Summary of How to control LM2596 buck-converter with microcontroller
Summary: The article explains how to adjust a buck converter (like LM2596) output by injecting an external voltage into its feedback pin via a resistor divider. A microcontroller can generate that external voltage using PWM, an RC low-pass filter, and a voltage-follower op amp. Stability of the microcontroller supply is critical because PWM amplitude affects the generated voltage. The article shows calculating the divider resistor when the lower resistor is 330 ohm to scale 5V PWM down to 1.25V, yielding about 990 ohm.
Parts used in the How to control LM2596 buck-converter with microcontroller:
- LM2596 buck converter module
- Voltage divider resistors (example: 330 ohm and ~990 ohm)
- Trimmer resistor (on buck module for manual adjustment)
- Microcontroller (generates PWM)
- RC low-pass filter (to smooth PWM)
- Operational amplifier (configured as voltage follower/buffer)
- Stable power supply for the microcontroller
- Connecting resistors to inject external voltage into feedback pin
Those buck converters will change the output voltage to make the feedback pin, connected to the output via a voltage divider, become 1.25V or so. If feedback is higher, output gets lower and vice versa. If one changes the ratio of resistors in voltage divider, output voltage will change. This is usually done by turning a trimmer resistor with a screwdriver. That is good enough for many applications where voltage will be set only once, but sometimes there is a need to adjust the output voltage more frequently.
External voltage can pull the feedback pin’s voltage higher or lower when applied to it through a resistor. That would make a summer circuit where output voltage of buck converter and external voltage are inputs and output is junction which connects to the feedback pin connects. That external voltage can be generated with just about any microcontroller. Microcontroller generates PWM signal, which is smoothed with RC low pass filter and then buffered with an operational amplifier configured as a voltage follower. Thanks to Hackaday’s Al Williams for pointing this out: I didn’t remember to mention this clearly enough in the video: Circuit shown in this demonstration needs to have really stable power supply for the microcontroller, as the PWM signal’s amplitude depends on the power supply. So any changes on power supply’s voltage will affect the amplitude of the generated voltage and therefore the buck-converter’s output voltage.

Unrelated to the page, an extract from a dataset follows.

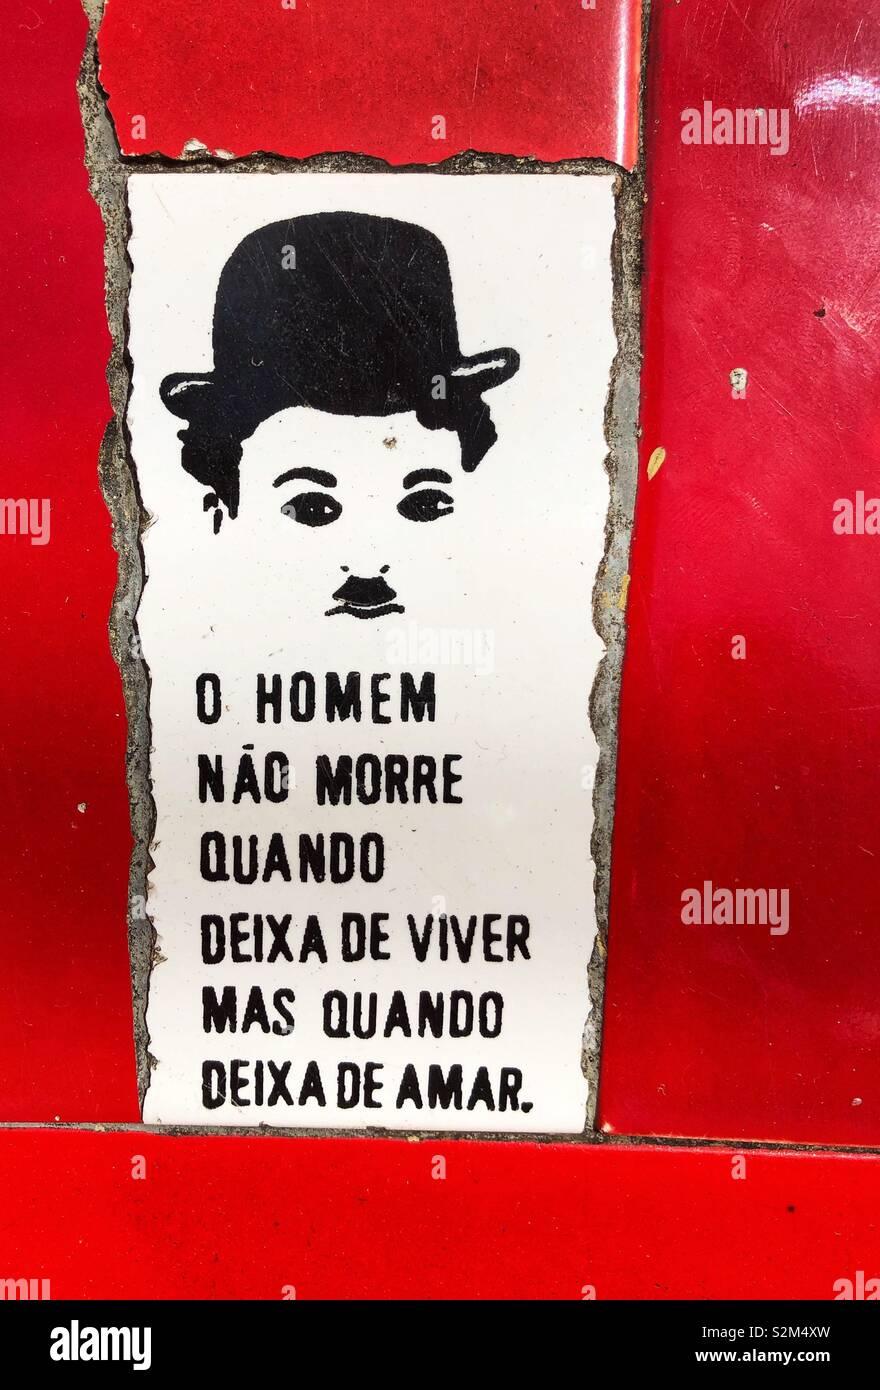 Portuguese language on a red and white ceramic tile in Rio de Janeiro, Brazil. Stock Photo

In my demonstration the PWM-signal’s maximum voltage and therefore maximum signal generated is 5V. When buck converter’s maximum output is set high enough (lets say 12->V) adjustable resistor’s (which is one between output and feedback) resistance will be relative high compared to the resistance of buck converter module’s fixed resistor (which is 330ohm in this case). Therefore when trying to adjust converter’s output to zero or as low as possible with microcontroller, the output voltage’s effect to voltage on feedback pin will be marginal. Therefore we just need to figure out resistor for voltage divider that divides 5V to 1.25V, where lower resistor is 330 ohm. That is simple task: R = (5V * 330ohm – 1.25V * 330ohm)/1.25V = 990ohm
For more detail: How to control LM2596 buck-converter with microcontroller
- How does the buck converter regulate its output?
The buck converter adjusts output so the feedback pin voltage (via a divider) becomes about 1.25V; if feedback is higher output lowers and vice versa. - Can a microcontroller change the buck converter output?
Yes, by generating an external voltage via PWM, smoothing it with an RC filter, and buffering with an op amp, then applying it to the feedback junction through a resistor. - What components generate the external voltage from the microcontroller?
PWM from the microcontroller, an RC low-pass filter to smooth it, and an operational amplifier configured as a voltage follower to buffer it. - Does the microcontroller power supply matter?
Yes, the microcontroller supply must be really stable because PWM amplitude depends on it and affects the buck converter output. - How do you choose the resistor values for the divider when using 5V PWM and 330 ohm lower resistor?
Calculate the upper resistor so 5V is divided to 1.25V with the lower resistor 330 ohm; the article shows R ≈ 990 ohm. - Why is the adjustable resistor on the module still important?
The module trimmer sets the converter maximum output and affects relative resistor values so the microcontroller can adjust the output range effectively. - What happens if the buck converter maximum output is set much higher than the controlled range?
The adjustable resistor will be relatively high compared to the fixed 330 ohm, making it easier for the microcontroller-injected voltage to adjust the output down to low values. - How is the external voltage applied to the feedback pin?
Through a resistor that forms a summing junction with the converter output divider so the feedback pin sees the summed voltage.